Wenn der Wind um die Burgruine Botenlaube pfeift, die Nacht mondlos und finster ist, dann ist es manchmal zu hören, das rhythmische Klopfen. Es kommt vom ruhelosen Geist eines ruchlosen Koches, der im Bauernkrieg 1525 die Burg und ihre Insassen verraten hatte.

Die trutzige Burg widerstand zwar allen Angriffen der Bauernhaufen, aber nicht dem Verrat. Nach einem Zeichen, dem Klopfen auf einem Küchenbrett, öffnete der Burgkoch eine kleine Tür. Die Burg wurde erstürmt, ausgeplündert und angezündet.
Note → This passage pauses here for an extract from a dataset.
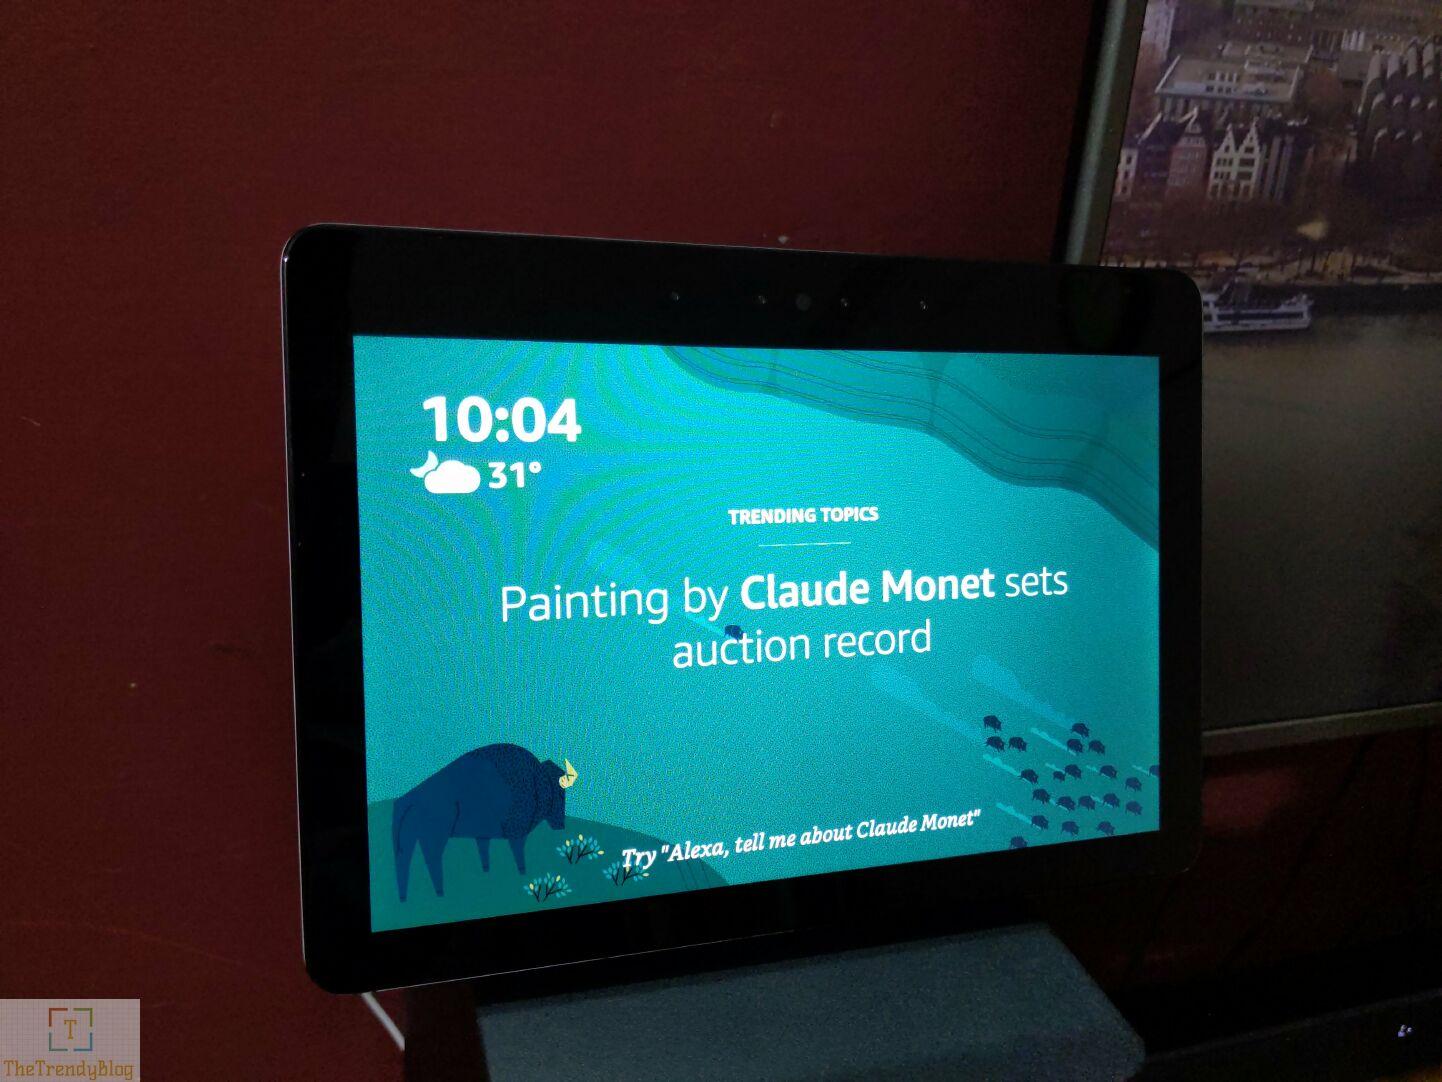 Amazon Echo show 2nd Gen - Touchscreen Display

Niemand baute die Burg wieder auf, in deren Mauern einst Minnesänger, darunter auch Wolfram von Eschenbach, rauschende Feste feierten. Mauern, Tore und Türme waren dem Verfall preisgegeben, die Bürger halfen kräftig nach. Sie holten vom Berg die Steine und bauten damit im Tal ihre Häuser. Fürstbischof Johann von Schönborn verbot dies zwar 1654, aber ohne großen Erfolg. Erst Ludwig I. gelang es 1827, die Steindiebe in Schach zu halten.

Die Bürger erkannten 1881, dass der "Trümmerhaufen der schönste Punkt oberhalb Kissingens ist". Sie sicherten die Mauerreste und machten die Ruine begehbar. Seitdem ist die Burg ein beliebtes Ausflugsziel.

Weder Bauherr noch Baujahr der Burg sind bekannt. Erstmals wird 1004 ein Graf Bodo als Burgherr erwähnt. Von ihm hat die Burg auch den Namen. Denn die Nachsilbe "lauben" hieß leben. Ihre Glanzzeit hatte die Burg unter Otto von der Botenlaube aus dem Geschlecht der Henneberger. Der Ritter und Minnesänger lebte ab 1220 mit seiner Gemahlin Beatrix von Courtenay, die er während eines Kreuzzuges in Jerusalem kennengelernt hatte, ständig auf der Burg. Er wurde, wohl unter dem Einfluss seiner Frau, tief religiös. "Um sich ganz aus dem gefährlichen Treiben der Welt zurückzuziehen und dem besseren Jenseits zuwenden zu können", verkaufte er 1234 Burg und einige Güter ans Hochstift Würzburg. Mit dem Geld wurde im nahen Frauenroth ein Kloster gegründet. Der Sage nach fiel die Wahl genau auf diesen Ort, weil dort der Schleier der Beatrix wiedergefunden wurde, den ihr ein Windstoß vom Kopf geweht hatte. Dort in der Kirche ist die Grabstätte des Minnesängers und seiner Frau. Sie kann noch heute besichtigt werden.